Cómo empecé a llevar un diario y por qué ya no puedo dejarlo

Durante años pensé que llevar un diario era cosa de adolescentes o de personas con demasiado tiempo libre. Lo asociaba con cuadernos con candado y frases melodramáticas escritas a medianoche. Hoy, después de más de tres años escribiendo casi a diario, puedo decir que pocas decisiones han cambiado tanto mi forma de pensar y de vivir. No se trata de dejar constancia de lo que cené ni de presumir productividad: se trata de tener un espacio honesto donde poner en orden lo que llevo dentro.
En este texto quiero contarte cómo empecé, qué obstáculos encontré y por qué creo que esta práctica merece un lugar en cualquier vida, por ocupada que esté.
El comienzo torpe y nada épico
Mi primer intento fue un desastre. Compré un cuaderno bonito, demasiado bonito, de esos que dan miedo a estrenar. Escribí dos páginas el primer día, una el segundo, y al tercero ya lo había abandonado en un cajón. El problema no era la falta de ganas, sino la idea equivocada de que cada entrada tenía que ser profunda, bien escrita y digna de ser leída por alguien.
Lo que finalmente funcionó fue rebajar las expectativas hasta el suelo. Me propuse escribir tres líneas. Solo tres. Algunos días eran un lamento, otros una lista de cosas pendientes y otros simplemente una frase sobre el clima. Pero el acto de abrir el cuaderno se convirtió en costumbre, y la costumbre es lo único que sostiene cualquier hábito a largo plazo.
Por qué escribir cambia lo que piensas
Hay algo casi mágico en trasladar un pensamiento confuso al papel. Mientras vive solo en tu cabeza, una preocupación puede dar vueltas eternamente, alimentándose de sí misma. En cambio, al escribirla, la obligas a tener forma, principio y final. Muchas veces descubro que aquello que me angustiaba, una vez escrito, parece mucho más pequeño de lo que sentía.

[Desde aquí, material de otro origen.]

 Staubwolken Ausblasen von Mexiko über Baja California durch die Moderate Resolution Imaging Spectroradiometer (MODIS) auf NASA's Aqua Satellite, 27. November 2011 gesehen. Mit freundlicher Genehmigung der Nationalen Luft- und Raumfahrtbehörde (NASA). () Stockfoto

El diario también funciona como un espejo del tiempo. Releer entradas de hace meses me permite ver patrones que de otro modo se me escaparían: las épocas en las que duermo mal coinciden con cierto tipo de pensamientos, las semanas en las que hago ejercicio aparecen llenas de planes y energía. Sin ese registro, mi memoria reescribiría la historia a su antojo.

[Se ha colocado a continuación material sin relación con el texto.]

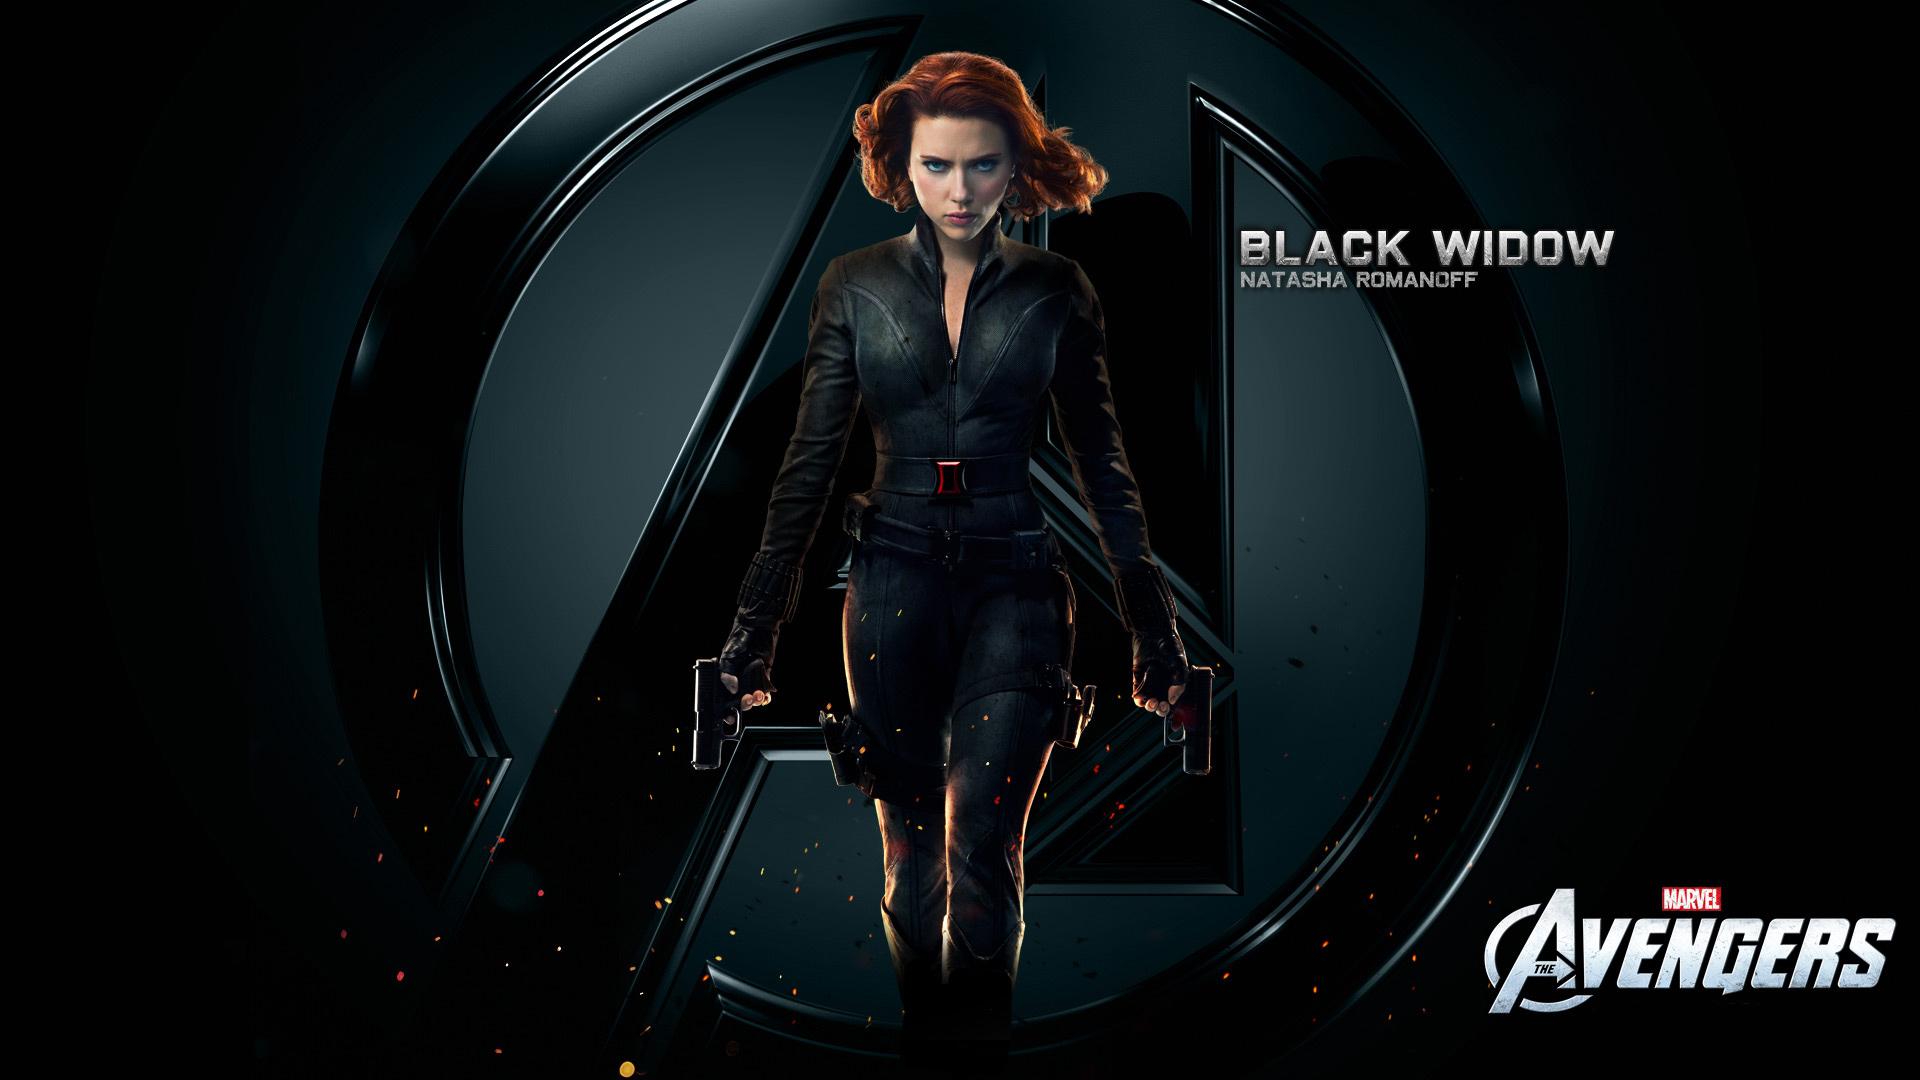 46] Black Widow HD Wallpaper on WallpaperSafari 1920x1080

Lo que aprendí sobre la constancia
Si tuviera que resumir lo aprendido en algunos principios, serían estos:
- La perfección es enemiga de la constancia. Un diario feo y honesto vale más que uno hermoso y vacío.
- No hace falta escribir todos los días. Hace falta volver siempre, aunque hayas faltado una semana.
- Escribir a mano y escribir en pantalla activan partes distintas de uno mismo. Conviene probar ambas.
- Nadie va a leerlo, y esa es justamente su mayor virtud: puedes ser completamente sincero.
Los días difíciles
Hay momentos en los que no quiero escribir, normalmente porque lo que siento es incómodo. Curiosamente, son esos los días en los que el diario más me ayuda. Forzarme a poner en palabras la frustración, el miedo o la tristeza tiene un efecto descompresor. No resuelve los problemas, pero los hace manejables. Es como vaciar una mochila demasiado cargada para revisar qué llevas dentro y decidir qué merece seguir pesando sobre tus hombros.
También he aprendido a no juzgar lo que escribo en esos momentos. El diario no es un juicio, es un desahogo. Si vuelvo a leer una entrada escrita en un mal día, lo hago con compasión, como quien mira a un amigo que lo estaba pasando mal.
Un consejo para quien quiera empezar
Si llevas tiempo pensando en hacerlo, no esperes al cuaderno perfecto ni al momento ideal. Coge cualquier papel, abre una nota en el móvil, escribe una sola frase sobre tu día de hoy. Mañana escribe otra. La práctica se construye así, ladrillo a ladrillo, sin ceremonia.
Llevar un diario no me ha convertido en mejor escritor ni en una persona más sabia, pero sí en alguien que se conoce un poco mejor y que afronta sus pensamientos con más calma. Y en un mundo que rara vez nos invita a parar y mirar hacia dentro, ese pequeño espacio de papel se ha vuelto, para mí, irrenunciable.